14/05/1629

 
English | Nederlands

14 - 05 - 1629

Presentielijst:

Gelderland:
Holland:
Zeeland:
Utrecht:
Friesland:
Overijssel:
Groningen:

Resoluties:

1 De gedeputeerden van Holland hervatten hun verklaring over het gisteren opgeschorte punt inzake de tijdelijke sluiting van de licenten naar Brabant en de aangrenzende gebieden.
Na resumptie van de adviezen besluiten HHM om buiten het reeds opgelegde verbod van de uitvoer van goederen, de licenten gedurende veertien dagen te sluiten vanaf 17 mei. Deze sluiting omvat alle levensmiddelen die over de Schelde en de Maas naar Sas van Gent en Brabant tussen genoemde rivieren vervoerd worden, zowel over land als over water. De provincies worden van deze beslissing op de hoogte gebracht.
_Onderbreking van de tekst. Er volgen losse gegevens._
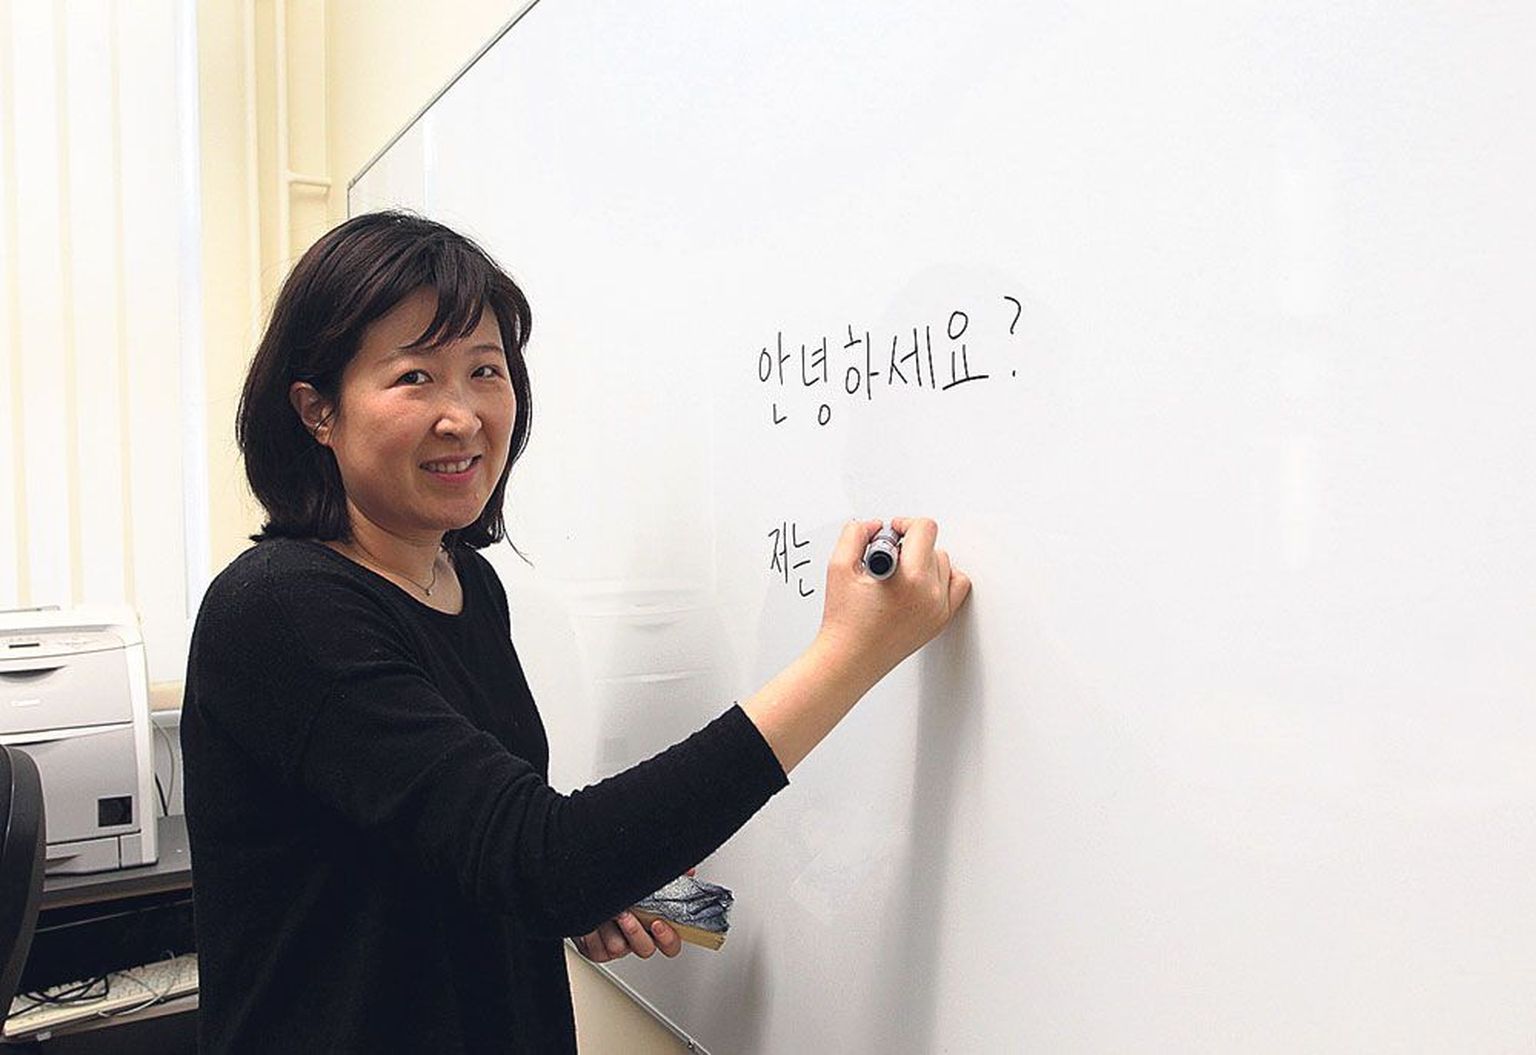 Hyunjung Shin kirjutab tahvlile koreakeelse tervituse ja selle alla «meeldiv tutvuda». Need on esimesed fraasid, mis ta oma tudengitele Tartu ülikoolis selgeks õpetas. Nüüdseks oskavad tudengid juba korea keeles öelda, et «korea keel on huvitav ja lihtne», ning kasutada teisi lihtsamaid väljendeid.

De Admiraliteiten wordt geschreven zich te houden aan de sluiting en hun kantoren op dit punt te reguleren. De gouverneurs en de commandanten in genoemde kwartieren krijgen het bevel streng op sluik en overtredingen toe te zien. Overtreders zullen streng worden gestraft conform de eerder uitgevaardigde plakkaten tegen de uitvoer van eetwaren.
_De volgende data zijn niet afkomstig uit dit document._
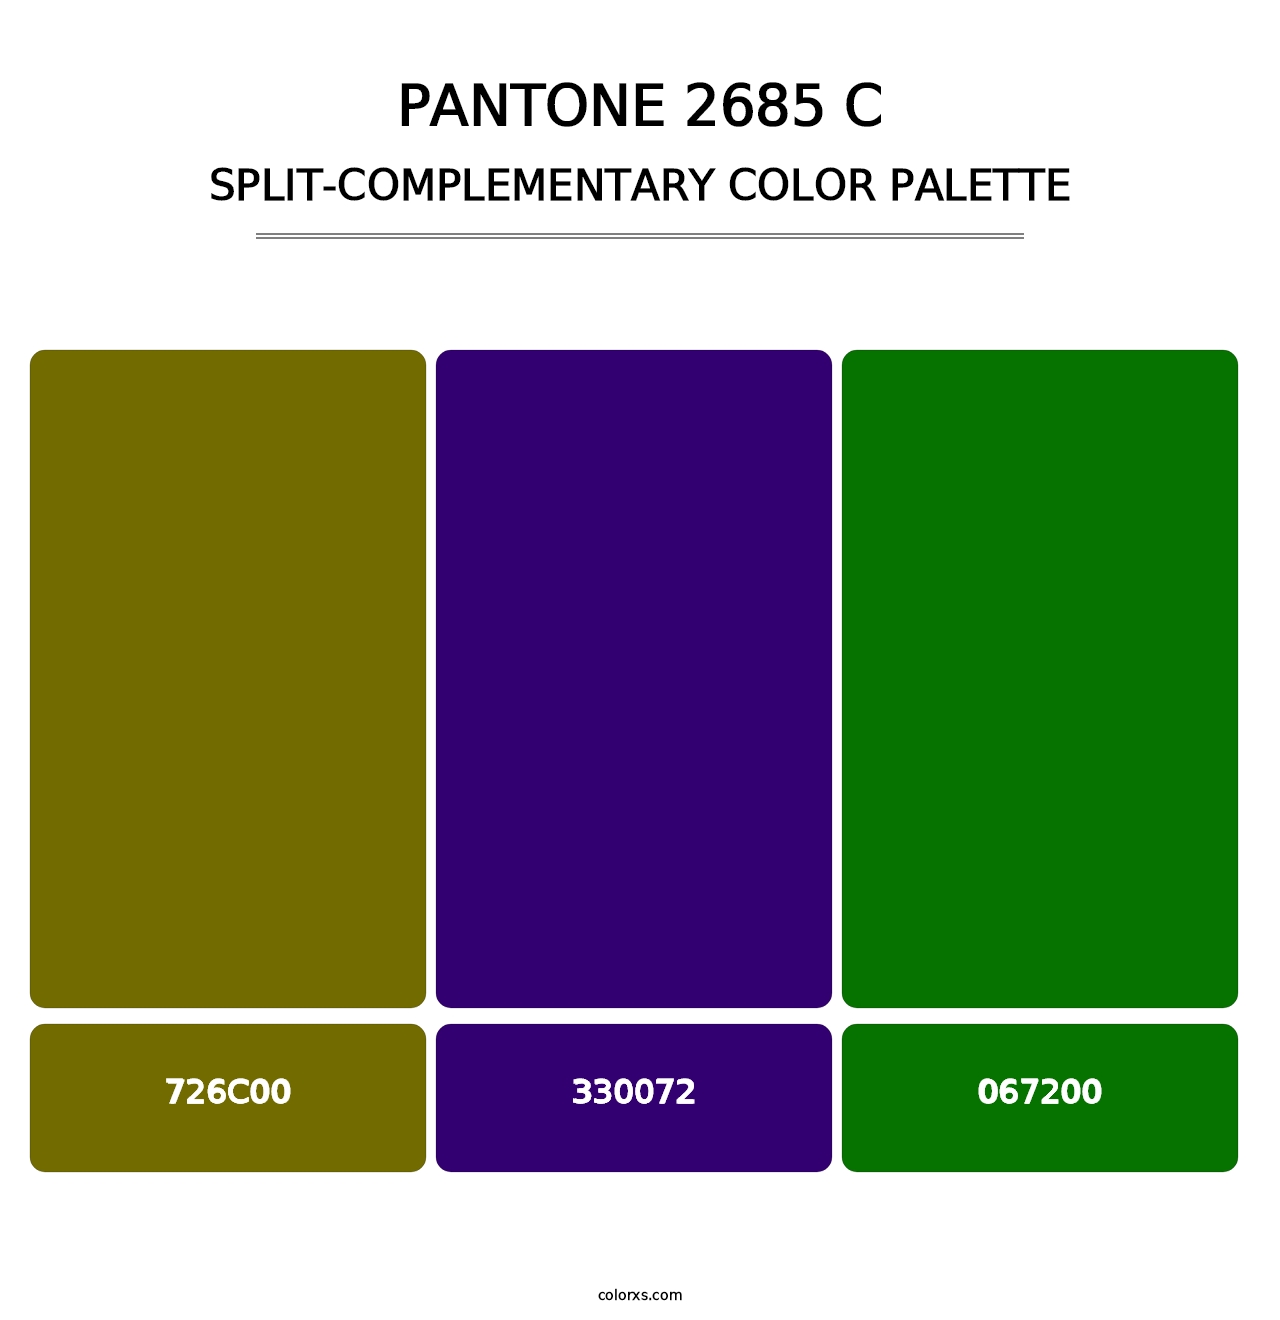 PANTONE 2685 C - Split-Complementary Color Palette

2 De Admiraliteit te Amsterdam schrijft d.d. 12 mei dat zij in opvolging van wijlen Natan Clantier Daniel Clantier, burger van Arnhem, en Tobias Harmensz., burger van Haarlem, nomineert als controleur van het kantoor van de konvooien en de licenten in Arnhem.
HHM kiezen Daniel Clantier als nieuwe controleur en depêcheren commissie, waarop hij de eed aflegt.

3 De ontvanger-generaal, ter vergadering aanwezig, noemt HHM de provincies die hun quote in de twee eerste vijfden van de legerlasten van dit jaar waarvan de decharges op 7 maart zijn uitgegaan, nog niet betaald hebben.
HHM zullen deze provincies schriftelijk aanmanen deze alsnog te voldoen, conform de resolutie d.d. 12 mei.

4 HHM zullen de provincies eveneens aanmanen de subsidies voor de oorlog te water te betalen.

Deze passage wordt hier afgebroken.